BEHIND THE HEADLINES
1908: Old Age Pensions Act
In 1908, for the first time, the state made an agreement to pay a pension to the industrious, elderly poor – both men and women – without contributions. They simply had to have lived to the age of 70. The Old-Age Pensions Act was guided through the House of Commons by Lloyd George, the new Chancellor of the Exchequer, and the pension became known as the ‘Lloyd George’, but in fact he had played no part in drafting the bill. The age for the pension would most sensibly have been set at 65, but the cost of provision would have been so high the Chancellor said it would be impossible, the measure was only an experimental ‘beginning’ in the new field of state action to redress poverty, and they had to proceed cautiously.
The Act provided for state-funded old-age pensions for people who would receive five shillings a week, with seven and sixpence for married couples. The level of benefit was deliberately set low to encourage workers to also make their own provision for retirement. Conservative leaders favoured a contributory benefit but many of their backbenchers voted for this Liberal measure.
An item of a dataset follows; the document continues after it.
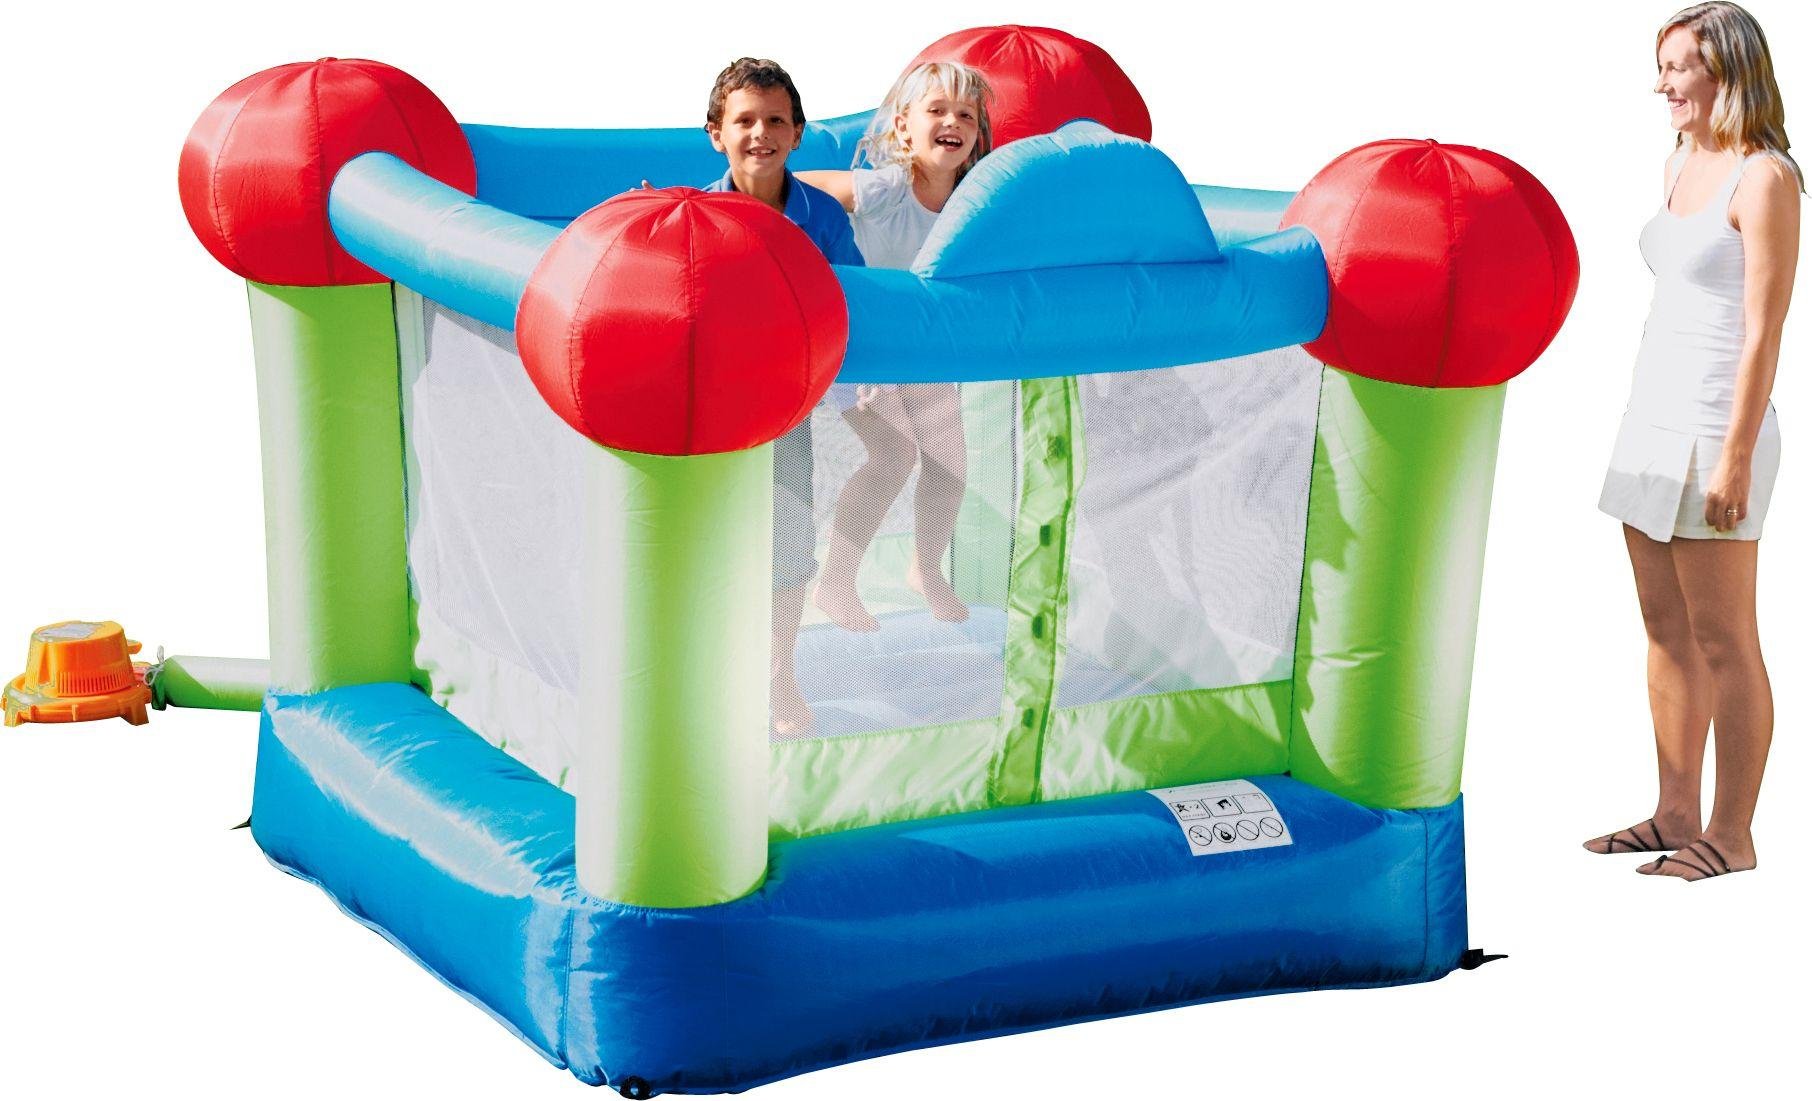 Chad Valley 6ft Bouncy Castle Review
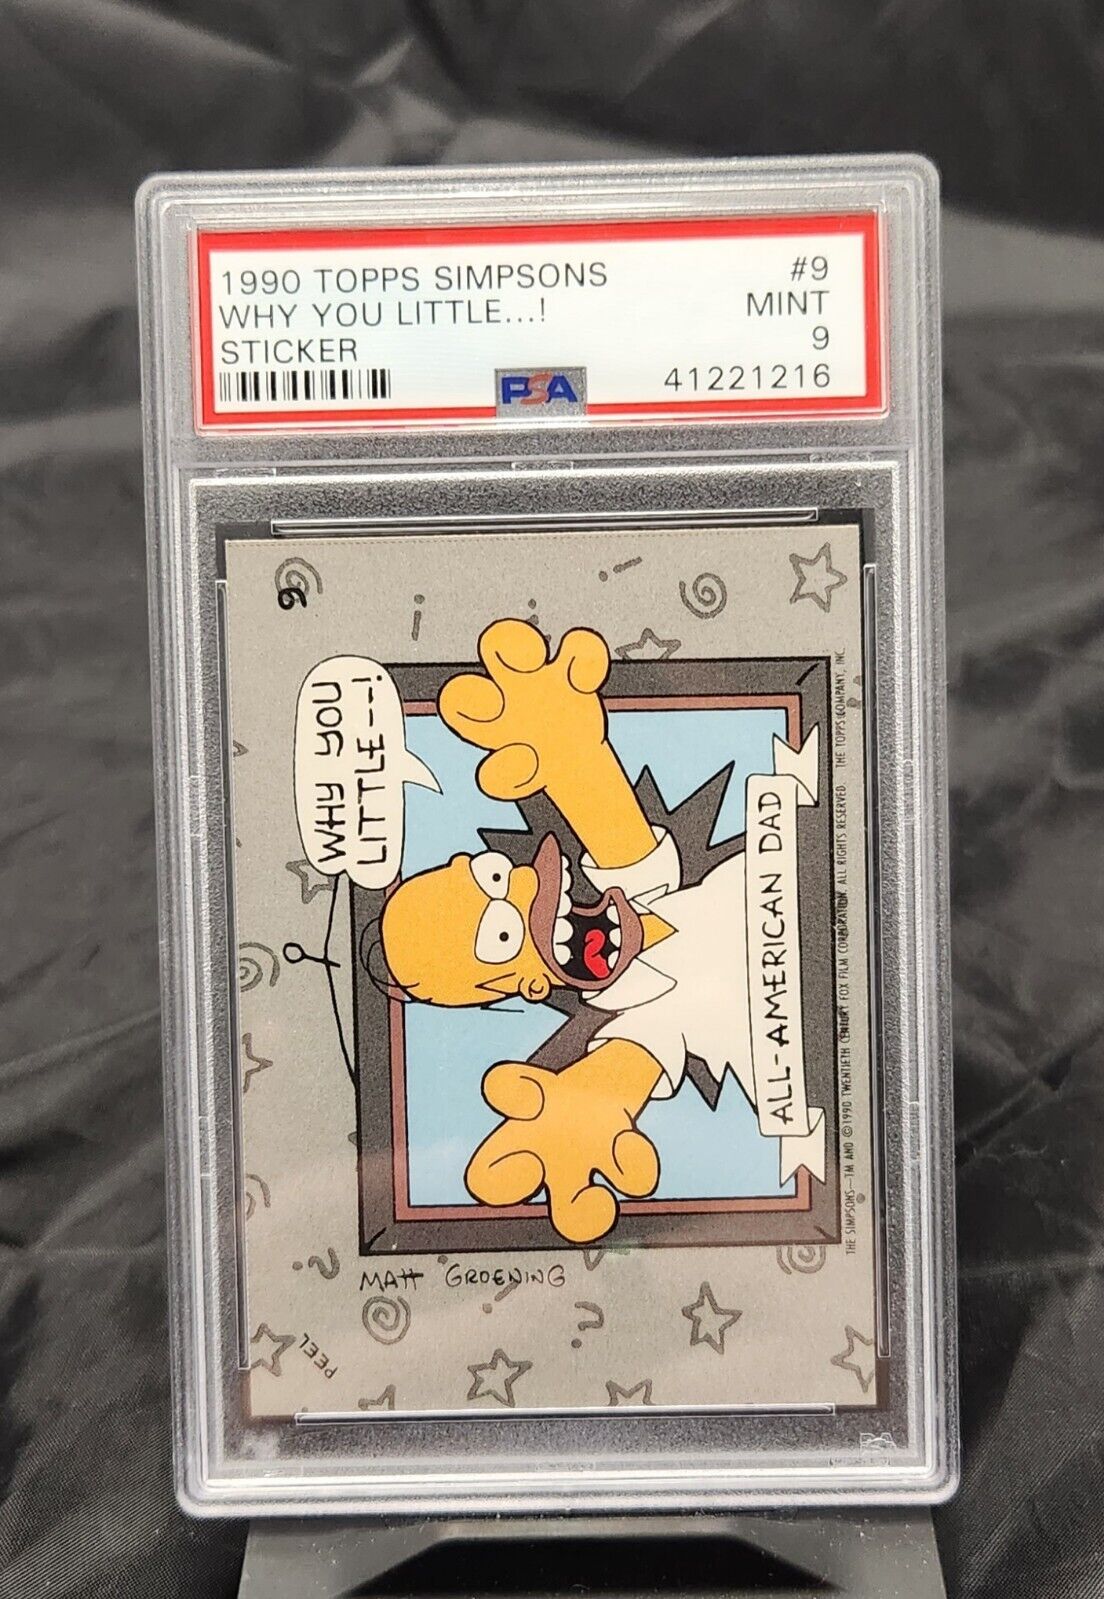 #9 Why You Little... - 1990 Topps Simspons PSA Graded 9 MINT - All American Dad

In order to be eligible, people had to have an income of less than £31 and 10 shillings per year. They also had to pass a ‘character test’, which excluded many: those in receipt of poor relief; ‘lunatics’ residing in asylums; people who had been in prison (including imprisonment for drunkenness) – for ten years after their release; and any person who was guilty of ‘habitual failure to work’. Also ineligible were ‘aliens’ and their wives, thus excluding immigrants who had not taken out British citizenship.